**** Recorded information

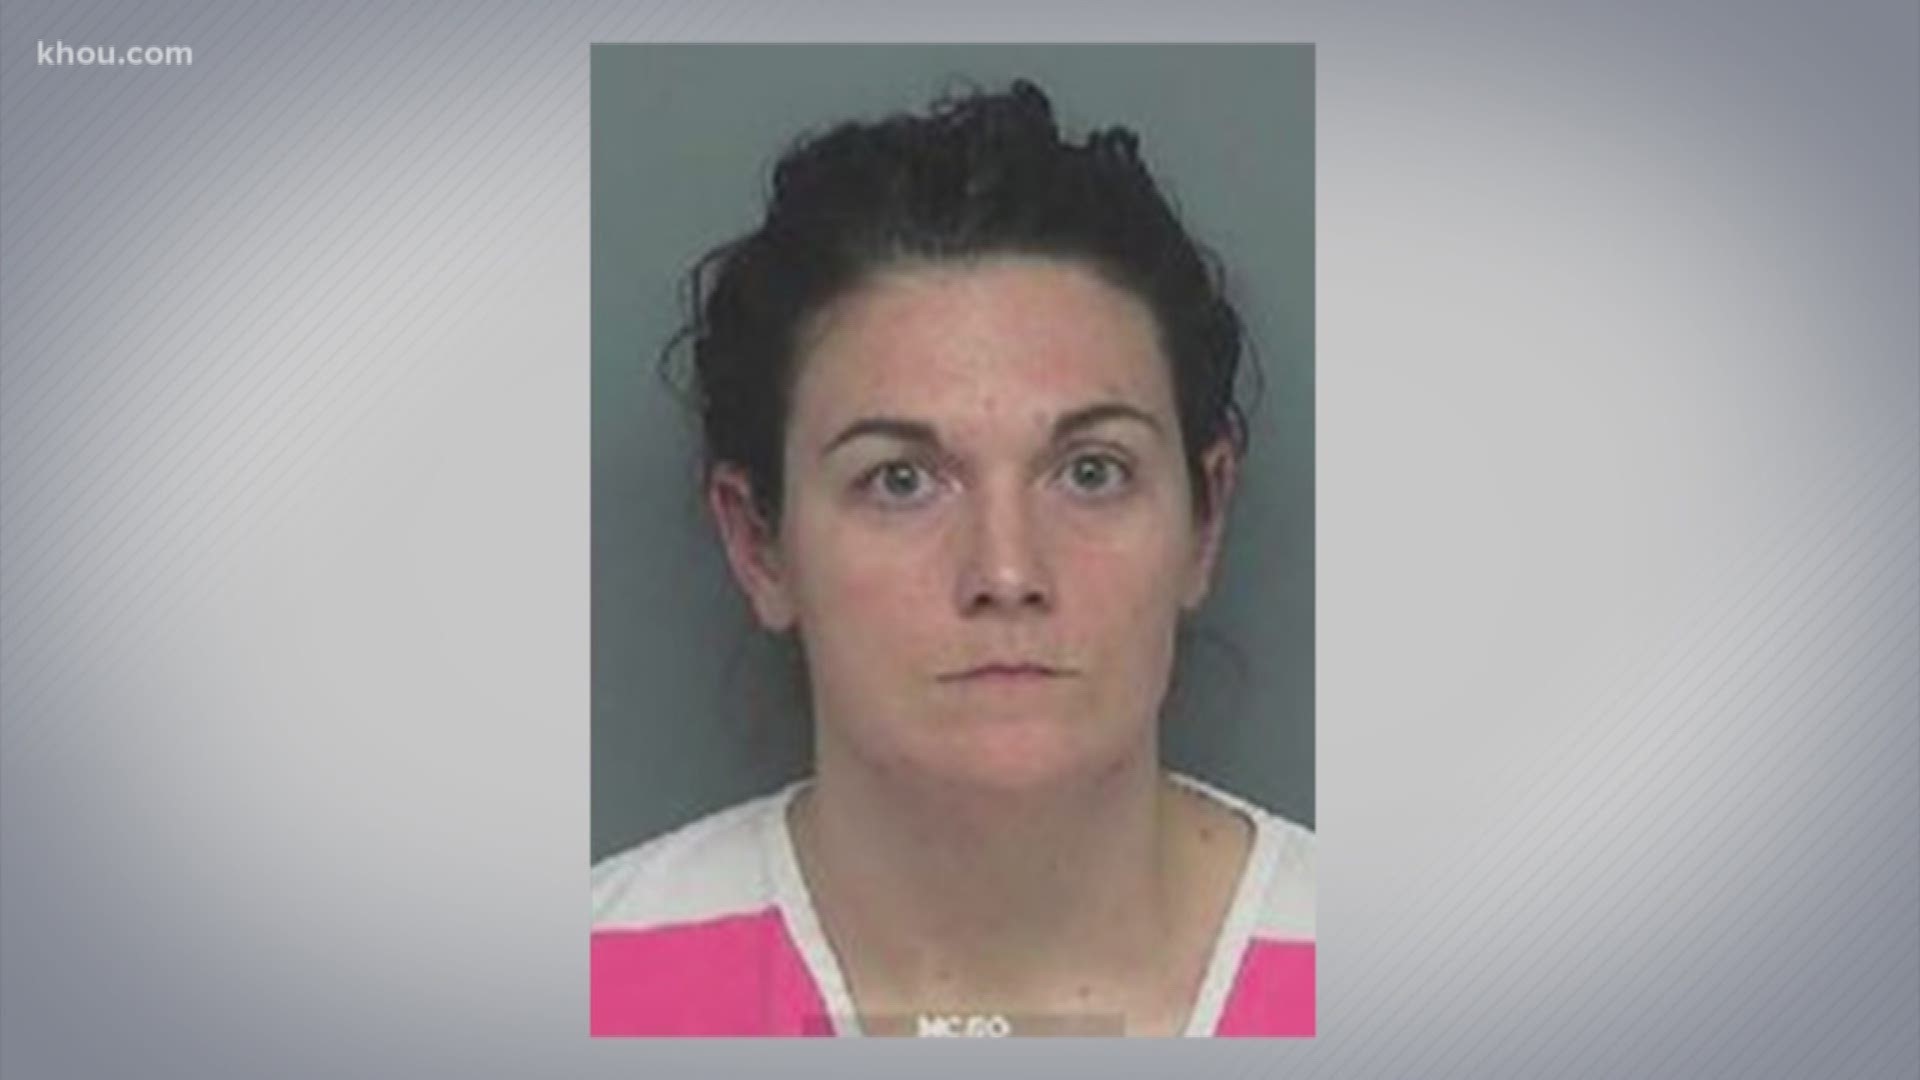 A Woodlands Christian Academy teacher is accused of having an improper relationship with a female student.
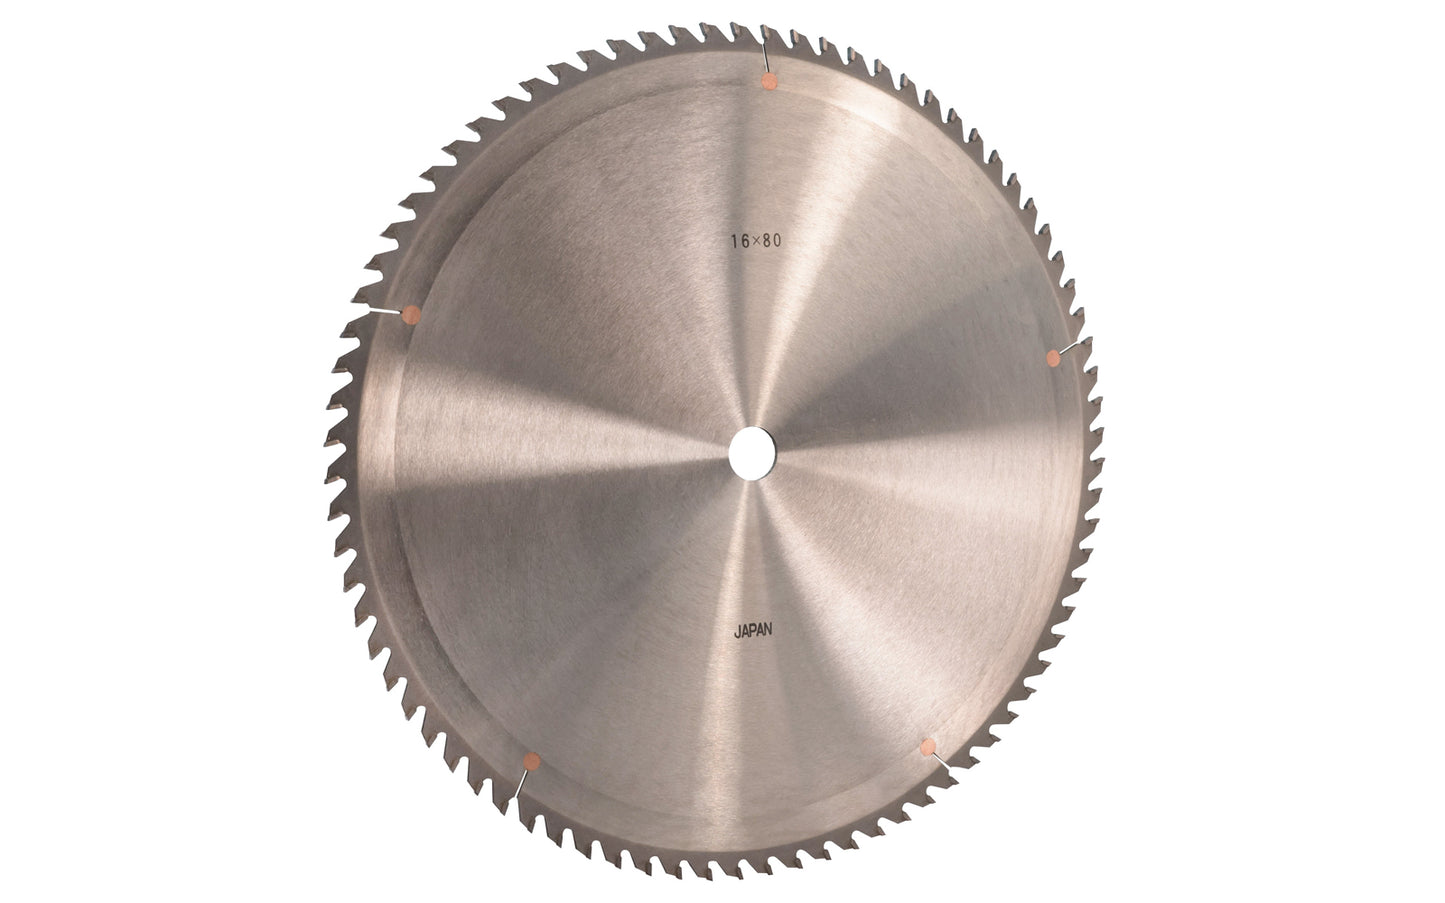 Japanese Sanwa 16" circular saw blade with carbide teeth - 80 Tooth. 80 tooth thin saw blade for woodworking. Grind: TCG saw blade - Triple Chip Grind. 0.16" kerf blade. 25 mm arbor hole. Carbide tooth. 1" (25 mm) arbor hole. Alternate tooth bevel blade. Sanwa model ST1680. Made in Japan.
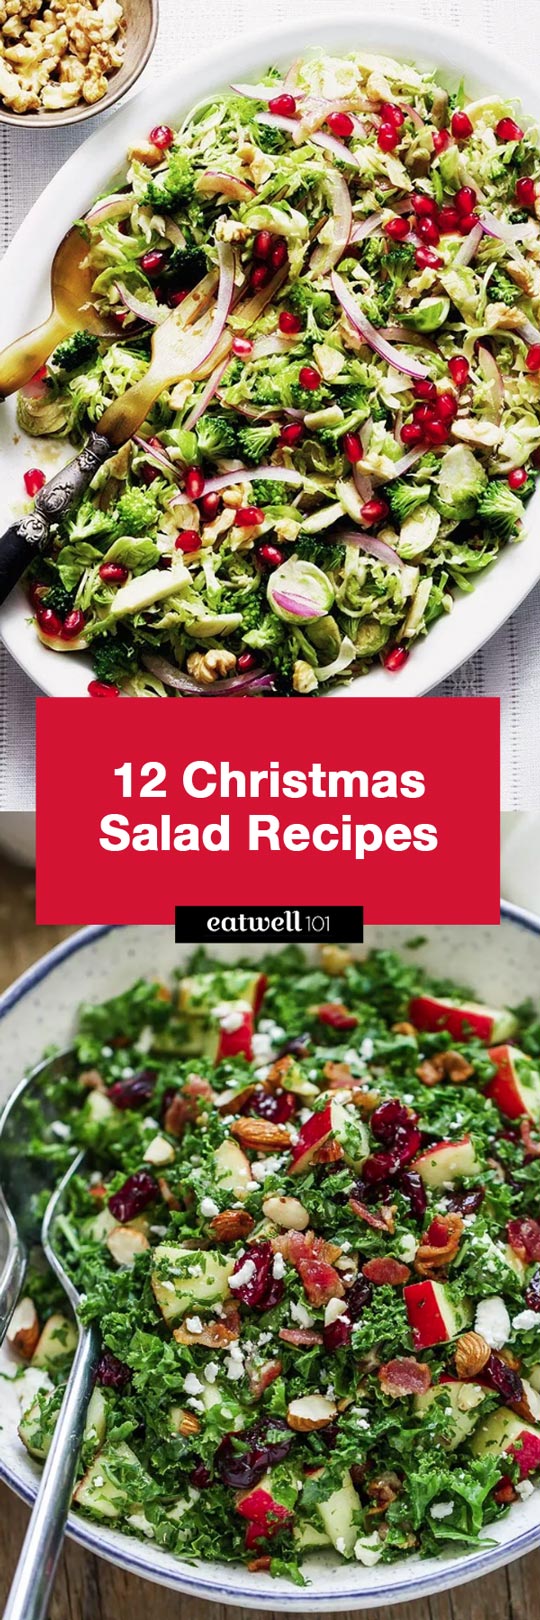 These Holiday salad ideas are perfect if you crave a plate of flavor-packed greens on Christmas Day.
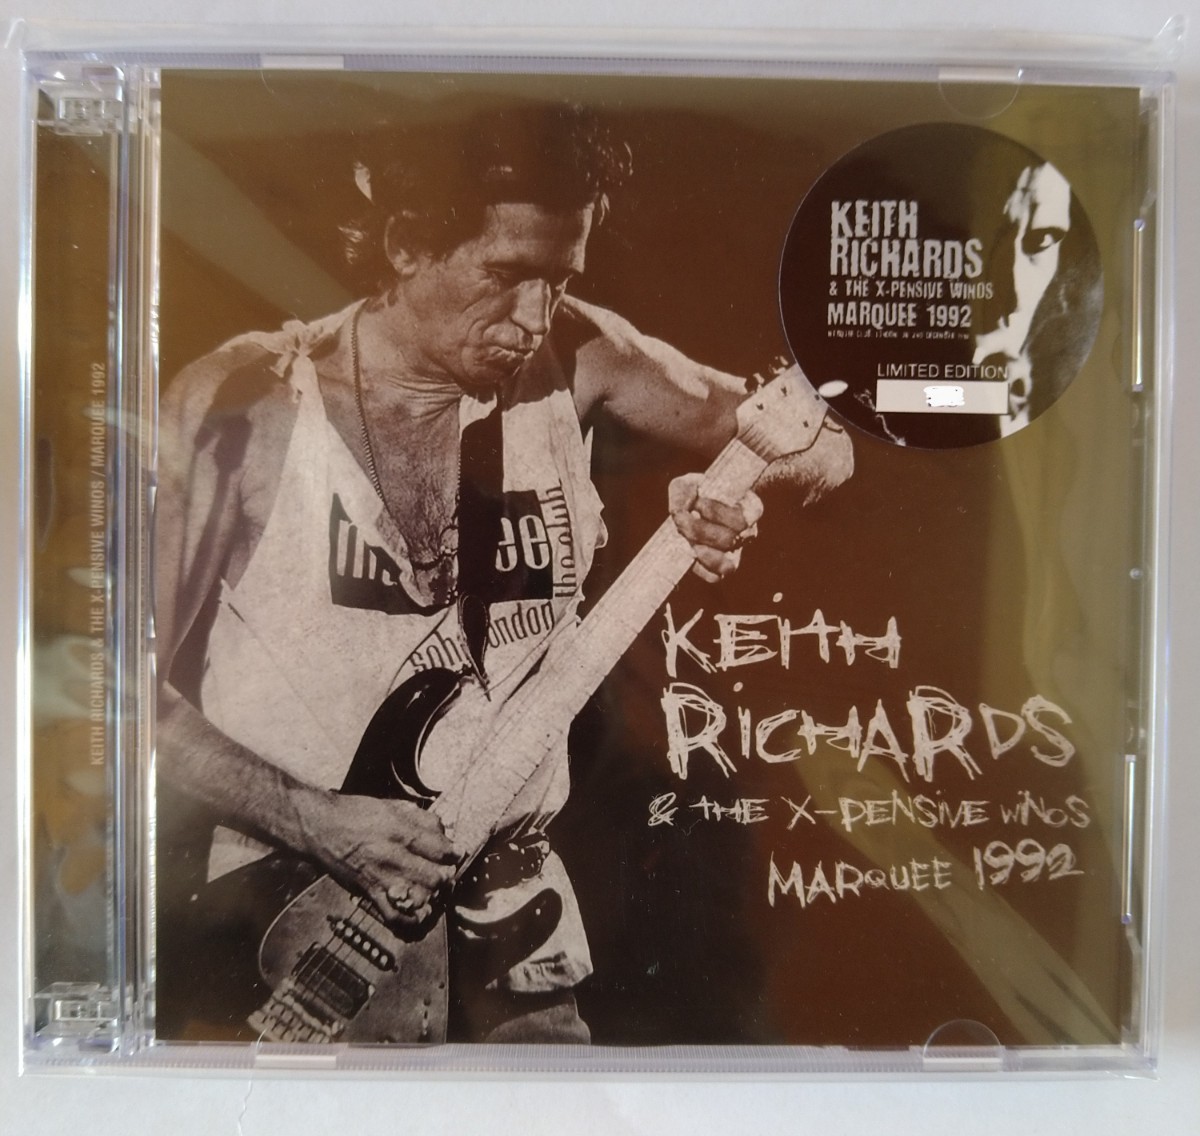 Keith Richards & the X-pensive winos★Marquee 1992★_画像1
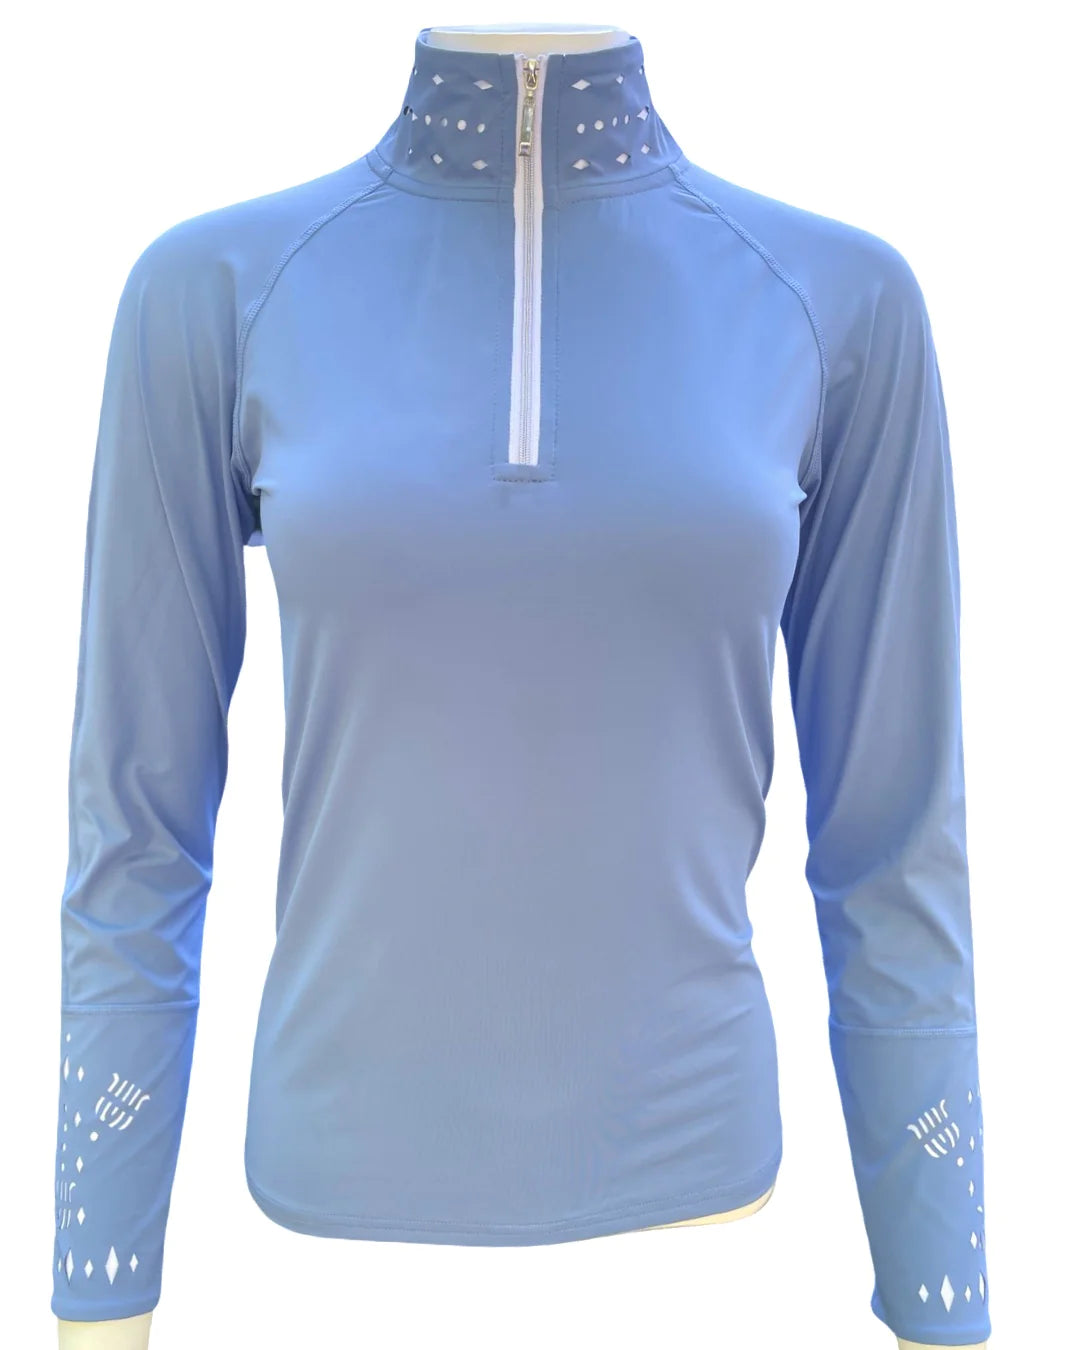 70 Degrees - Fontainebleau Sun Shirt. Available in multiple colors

********

● **Assignment**:
Omitting all pictures, retype exactly the lines from the line containing "Made in Japan." down to the last line above, both ends included.

● **Exercise solution**:
 Japanese Sanwa 16" circular saw blade with carbide teeth - 80 Tooth. 80 tooth thin saw blade for woodworking. Grind: TCG saw blade - Triple Chip Grind. 0.16" kerf blade. 25 mm arbor hole. Carbide tooth. 1" (25 mm) arbor hole. Alternate tooth bevel blade. Sanwa model ST1680. Made in Japan.
 These Holiday salad ideas are perfect if you crave a plate of flavor-packed greens on Christmas Day.
 Keith Richards & the X-pensive winos★Marquee 1992★_画像1
 70 Degrees - Fontainebleau Sun Shirt. Available in multiple colors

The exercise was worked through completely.